Parmi les tenants de cette orthodoxie, on trouve Nicolas Sarkozy, avec lui Claude Guéant et Jean-François Copé - à un degré moindre -, dont le positionnement se justifie d'abord par l'obsession d'endiguer la montée du Front national. Et puis il y a les autres, les purs, les traditionalistes, légitimistes, enracinés « à droite toute » depuis leurs premières castagnes politiques, tels Gérard Longuet, Thierry Mariani, Eric Ciotti, Christian Vanneste, Lionnel Luca et d'autres, nombreux à l'UMP, qui saluent la capacité du « chroniqueur du peuple », Zemmour, à lever les tabous, à libérer la parole, à desserrer le corset idéologique. Si un jour l'UMP faisait alliance avec le FN, cette escouade d'élus de la majorité serait le mastic de cette union droitière.

Pour reprendre l'expression fétiche de Jean-François Copé : ils « mettent les pieds dans le plat », là où une grande partie de la droite a encore tendance à débattre avec des chaussons stériles. A en croire l'ancien directeur de Marianne, Jean-François Kahn, la zemmourisation des esprits est en marche, et à grande échelle : « Aujourd'hui, on n'entend plus que le discours du courant Zemmour, qui est devenu le courant dominant. Ils sont partout, sur les plateaux télé, dans les radios... En outre, ils font preuve d'un sectarisme semblable à celui reproché à la gauche. »

« Droite populaire ». Zemmour, récemment invité à la table de Nicolas Sarkozy, serait donc le nom de cette droite-là. De cette « droite populaire », anti-bling-bling - l'autre nom pour dire anti-Fouquet's et anti-Carla. De l'Europe ou de l'immigration, des Roms ou de l'islam, on ne sait trop ce qui offense le plus ces contempteurs de la bien-pensance. Il est vrai qu'avec sa puissance médiatique l'auteur de « Z comme Zemmour » soulage les frustrations des râleurs du café d'en face comme celles de ces élus qui, par peur de déraper, ont longtemps bridé leur parole. Pour Christian Vanneste, jugé infréquentable depuis ses propos controversés sur l'homosexualité,« Eric est un symbole utile, car actuellement, en France, on tue Voltaire ! L'autre jour, en Commission des lois, il était question d'un rapport sur les gens du voyage. J'ai eu le malheur de demander pourquoi ce rapport n'abordait pas la délinquance dans ce milieu... Que n'ai-je pas entendu, y compris dans mon camp ! Immédiatement, le politiquement correct s'est fait entendre.
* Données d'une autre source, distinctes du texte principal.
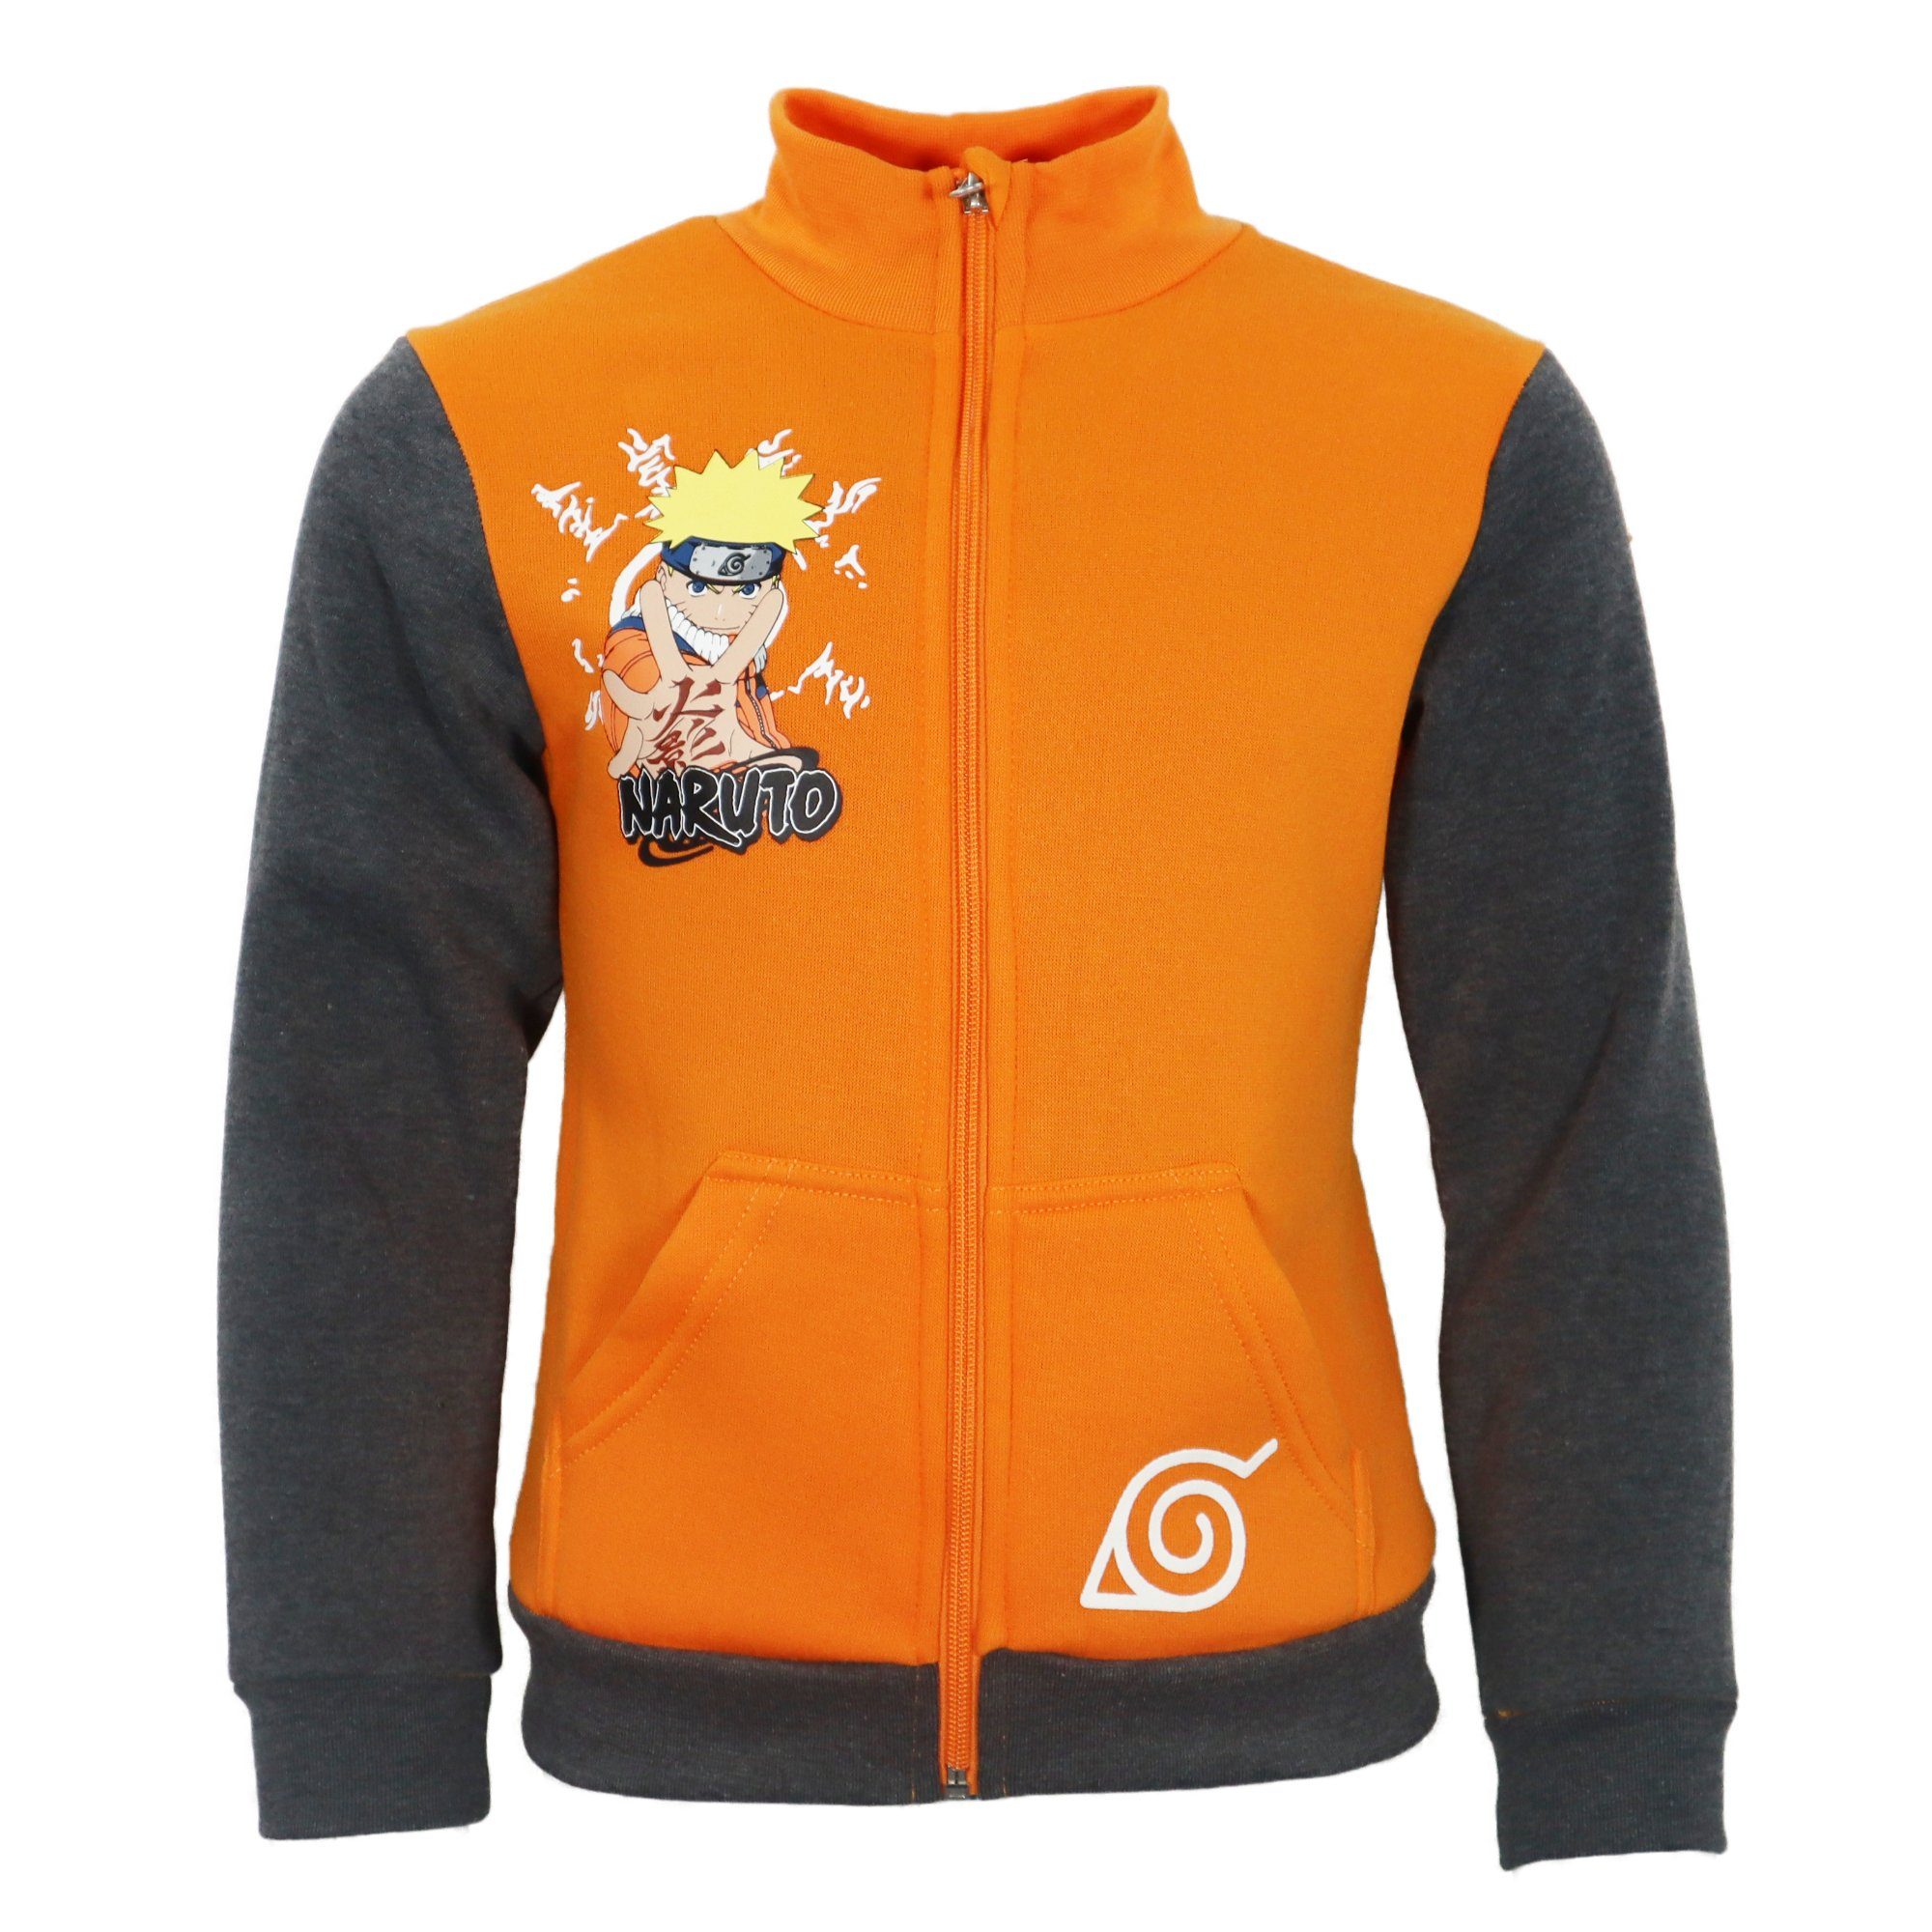 Orange Gr. Sweater Sporthose 140 98 bis Jacke, Hose Jogginganzug Naruto Joggingset Naruto Shippuden

Par ailleurs, dire ce qu'on pense n'est pas évident, car il n'est jamais agréable pour les élus de se retrouver devant les tribunaux, alors ils se font prudents. En plus, un procès, j'en sais quelque chose, cela peut coûter une fortune. »

Le foyer africain du coin qui pose des problèmes d'ordre public ? Le drapeau français de la mairie qui a été remplacé par un étendard étranger ? Ces associations communautaires qui voudraient des droits d'exception ? La droite peut désormais faire confiance à ces va-t-en-guerre idéologiques pour en parler, pour « éveiller » les consciences, n'en déplaise au MRAP, à Richard Berry et aux bobos de gauche comme à tous ceux issus de cette « école du oui, avec ses cours accélérés d'amen universel » (Philippe Muray).
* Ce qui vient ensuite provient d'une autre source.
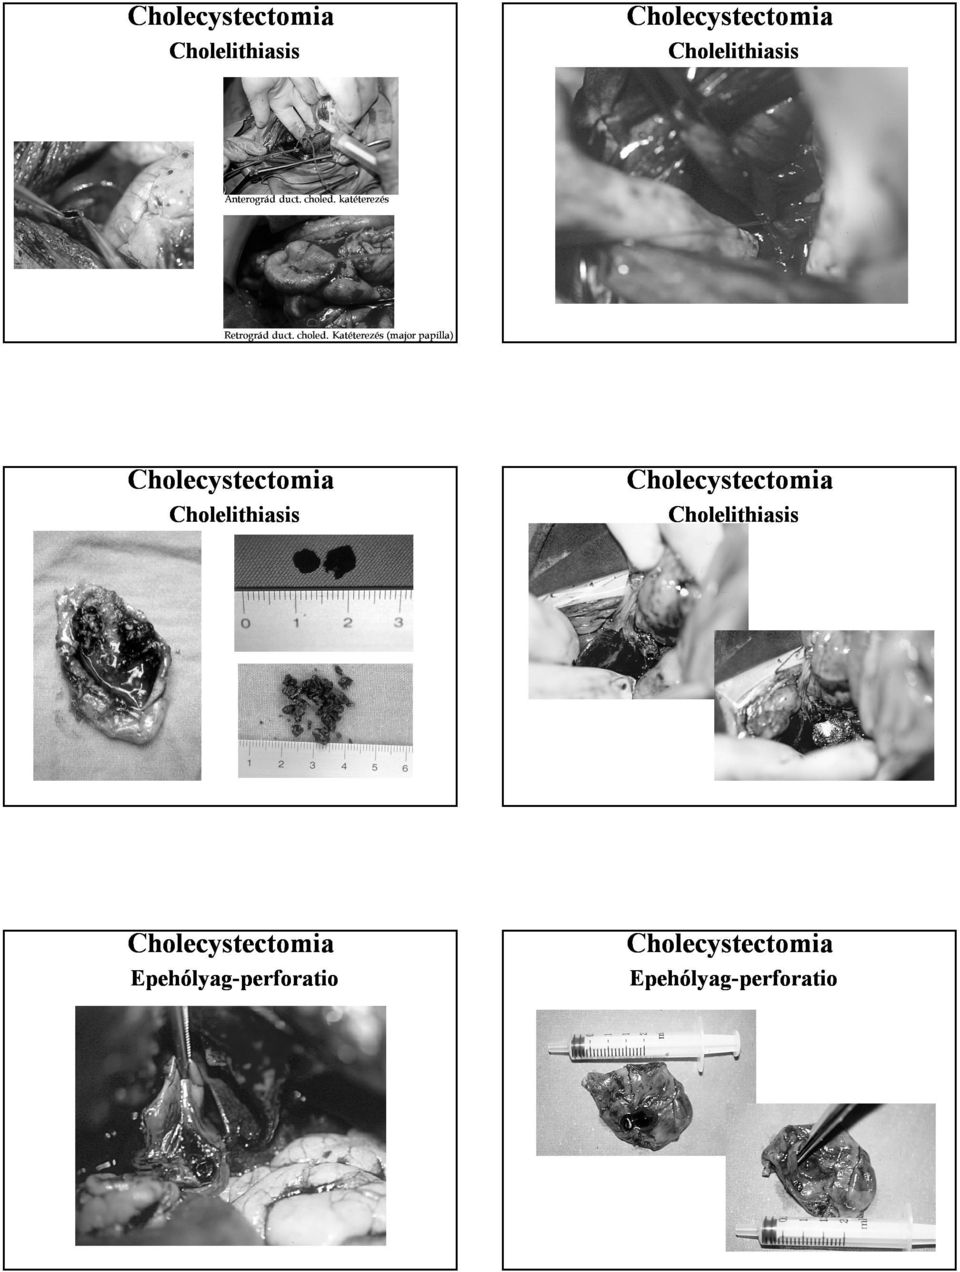 Katéterezés (major papilla) Cholelithiasis

Contre-discours. Jean-Marie Le Pen, qui fut condamné pour « provocation à la haine raciale », n'est pas convaincu par leur « croisade » contre le politiquement correct. Il raille ces « pickpockets » de la pensée, qu'il qualifie d'« aile UMP qui fait toujours pipi dans sa culotte », quand Sarkozy retoque leurs idées les plus radicales (tests ADN, incarcération des parents d'enfants délinquants...). Au sujet de Zemmour : « Il touche à des sujets qui suscitent la prosternation des politiques. On l'attaque et on le vénère aujourd'hui pour ça. Je lui dis bienvenue au club, c'est à son tour maintenant d'être diabolisé. »

Le journaliste du Fig Mag, qui dit encore déplorer « la pusillanimité des politiques », devrait pourtant se réjouir : les couards qu'il fustige sont de moins en moins nombreux. Chantal Brunel a parlé de remettre les réfugiés libyens dans leurs bateaux. Les si pondérés Christian Jacob et Laurent Wauquiez doutent, eux, des racines françaises de Dominique Strauss-Kahn. L'ancien garde des Sceaux Pascal Clément a prévenu ses collègues de la majorité que,« le jour où il y aura autant de minarets que de cathédrales en France, ça ne sera plus la France ». Gérard Longuet a considéré que le socialiste Malek Boutih n'appartenait pas au « corps traditionnel français ». Lors d'un débat sur l'identité nationale, Nadine Morano a dit attendre du « jeune musulman » qu'il ne parle plus le verlan. Interrogé sur l'opportunité d'organiser ce débat, le maire UMP de Gussainville (Meuse) le juge « indispensable », avant de déclarer : « Il est temps qu'on réagisse, parce qu'on va se faire bouffer(...)Y en a déjà 10 millions, 10 millions que l'on paie à rien foutre. » Un discours cru - encore plus, en privé - au service d'une France, disent-ils, affolée par les ghettos, l'islam, la mondialisation et ce que cela suppose de vents contraires aux traditions nationales.

Le tout frais ministre de l'Intérieur, Claude Guéant, qui s'est mis lui aussi à user d'une rhétorique extrêmement droitière, ne dit pas autre chose en jugeant qu'« à force d'immigration incontrôlée les Français ont parfois le sentiment de ne plus être chez eux ».« Les » Français et non « des » Français... Un feu nourri de critiques s'est abattu sur l'ancien préfet, qui, jusqu'alors, n'avait jamais été considéré comme un dur. Face à cette déferlante, qui fut l'un des premiers à le soutenir avec verve et sans aucun élément de langage fourni par l'Elysée ? Zemmour, lors d'une chronique sur RTL, qui a fustigé les « Torquemada de bac à sable » scrutant les « non-dits » et « les non-pensées ». Sans être un Torquemada, on peut penser que le non-dit de celui qui fait toujours - c'est un principe vital -« ce que le président[lui]demande », Guéant, est de contrer Marine Le Pen, dont le parti a enregistré une forte progression aux cantonales.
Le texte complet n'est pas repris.